Заклеив послание в конверт, чтобы бросить внизу в почтовый ящик, вставляю ноги в полукеды, натягиваю черную маечку, гашу лампу. Дверь блока выходит в сапожок. Короткую, то есть, часть коридора, перпендикулярную центральному, холл посреди которого забит народом. Девицы сидят на подлокотниках кресел, на полу и даже на дубовой конторке телефонного пульта, там и восторженный альбинос Женя — на коленях астраханской красавицы с оранжевой губной помадой. На полу стоит пузатая бутыль вина в пластмассовой оплетке, к которой поочередно все прикладываются. Абитуриент по кличке Цыпа, пожилой и отвратительно пятнистый, носится центральным коридором и, стуча в двери, орет на весь этаж с непонятным злорадством: «1848-й! Провалился полностью!» — и к следующему блоку: «Провалился полностью!» На дальней кухне, обняв друг дружку, рыдают пьяные девчонки: «Мать! Отец меня убьет! Теперь мне только на панель… А-а-аа…» У лифтов кто-то блеванул, так что, залепив ударом кнопку, я отбегаю в ожидании. Хор провалившихся в холле подхватывает за альбиносом: We shall overcome one day!..
Спустившись лифтом на цокольный этаж, я покидаю свою зону. Охрана на выходе — старик с седым ежиком и гнилой клубничиной носа — спит за столом, перенеся геморройную «думочку» под щеку: какой-нибудь лагерный надзиратель на пенсии, прирабатывающий надзором над студентами… Гранитная балюстрада галереи (нависшей над лестницей вниз) выводит в главный пассаж Дома. Днем многолюдно, сейчас ни души. В центральной зоне «А» мраморная стена лифтовой шахты раздваивает путь. Выбираю налево. Гулко. Царство камня. Свет дальних гардеробных Главного входа сияет на граните колонн. Они подпирают основную тяжесть Дома, уходящего здесь в высоту почти на четверть километра. Если считать со шпилем. Туда и надо мне — под шпиль. Зачем? Влечет. Лифтовый холл. Матовые лампы. «2-10», «11–16». «17–21». Вот и тот, что мне нужен: «22–28». Скорость подъема закладывает уши. На 28-м две двери, одна в музей землеведения, непонятно почему столь оторвавшийся от почвы. Другая — на пересадку выше, куда идет лифт маленький, как в жилом доме. Только выхода на 34-й нет. То есть, кабина лифта открывается, но дверцы шахты на замке. Висячем. Под названием «амбарный». Меня охватывает чувство — как бы точней сказать — не то, чтобы невероятности, поскольку вероятно всё, включая подобный замок на пути к высоте…

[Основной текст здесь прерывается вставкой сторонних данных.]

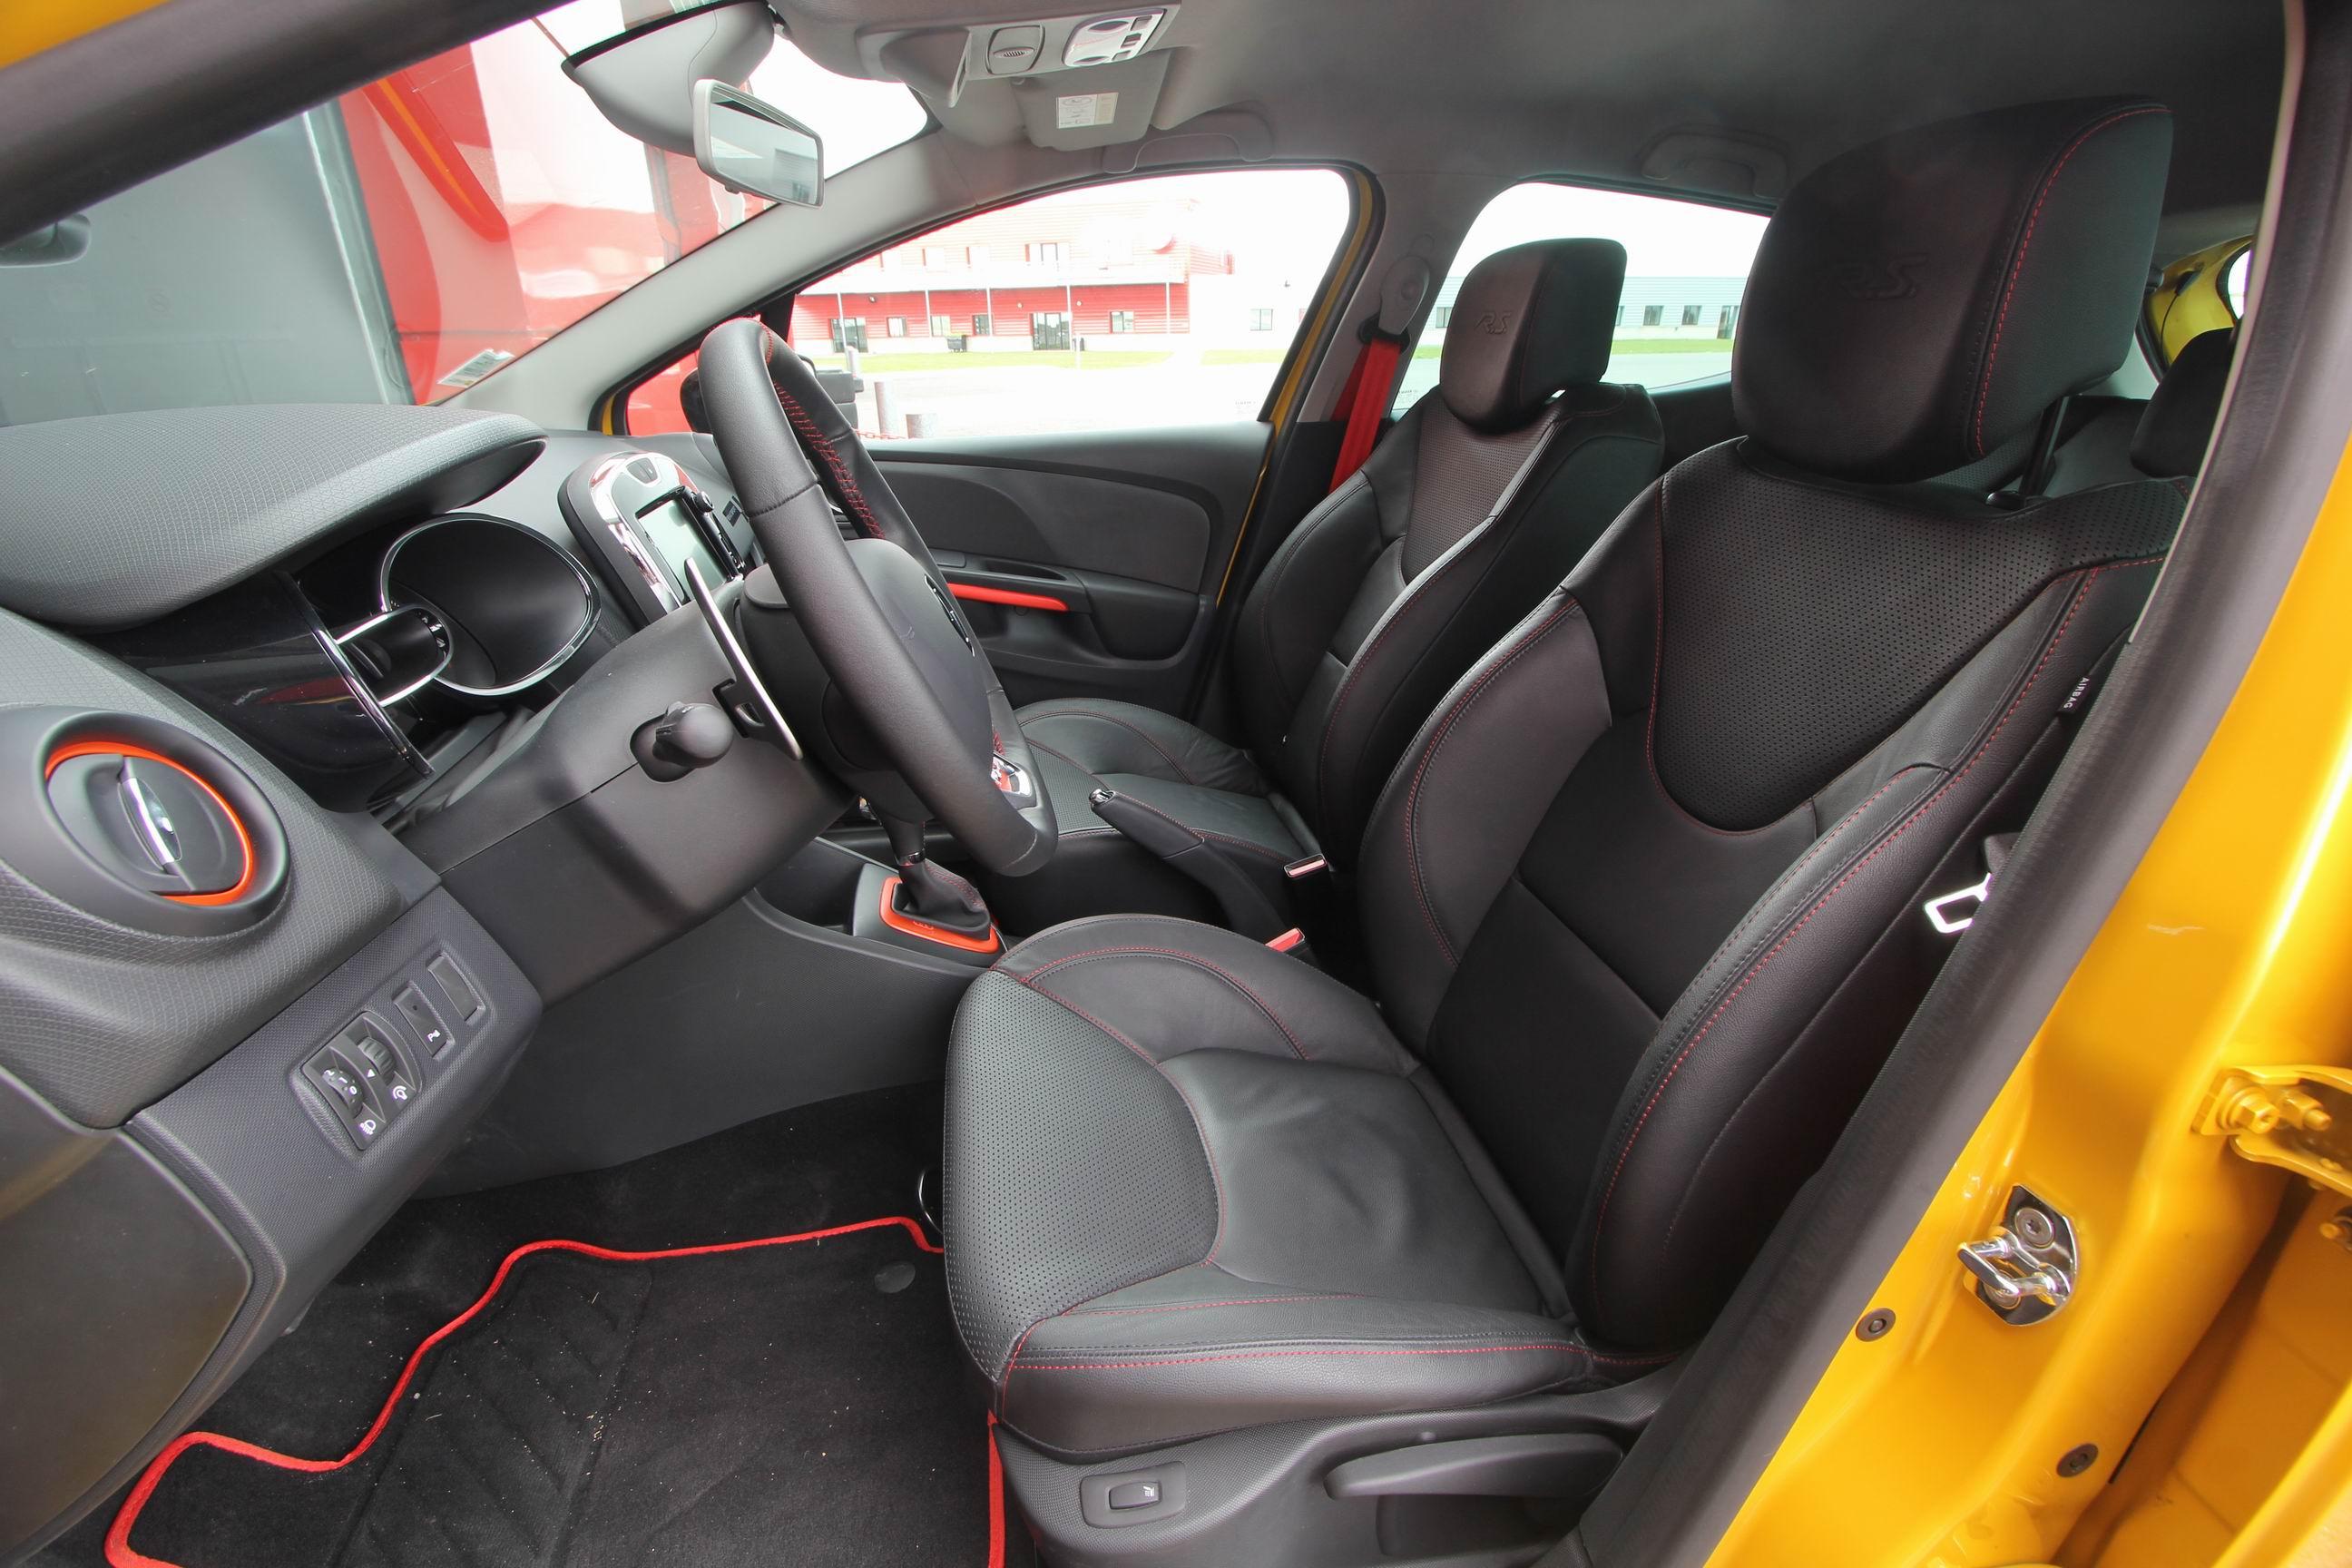 Souvent Mondial de l'auto de Paris 2012 - Renault Clio IV R.S - Dark-Cars  MY58

Нет, а: ситуативной уникальности момента. Благодаря такому чувству, ничего неприятного в переживаемом моменте не было: ну, препона! сейчас обойдем. Хотя, конечно, захвати я снизу ломик, он был бы еще приятней, сей момент, но, отвлекаясь от прагматизма и говоря только о чувстве, я испытывал философское удовлетворение от того, что отчеканил смысл жизнедеятельности на какой-то период вперед…
Размышляя о факторе внезапности в структуре открытой мной ситуативной уникальности, я съехал двумя этажами ниже, где все двери открылись. Я вышел во тьму и повернул на лестницу, которая огибала ствол шахты лифта. Перила были шатковаты. Ступени скрипели. Кровь в ушах глушила звуки настолько, что я не успел отшатнуться. Передо мной со ступенек резко поднялись, и по инерции я врезался. В живое и упругое. Машинально схватив это живое и упругое за бедра, чтобы не упасть, и тут же еще раз — чтобы упредить его падение.
— Пардон! Прерывистый вдох в ответ мне говорит про слезы.
— Пардон-пардон-пардон… В нише тут дверь, над ней стекло, которое пропускает отсвет наружной иллюминации. Пыльный луч на мгновенье демонстрирует красоту, которая исполнена трагизма. Дернув кверху мини-юбку, девушка садится на ступеньки перед дверью.
— Прошу прощенья. Не думал встретить здесь кого-нибудь…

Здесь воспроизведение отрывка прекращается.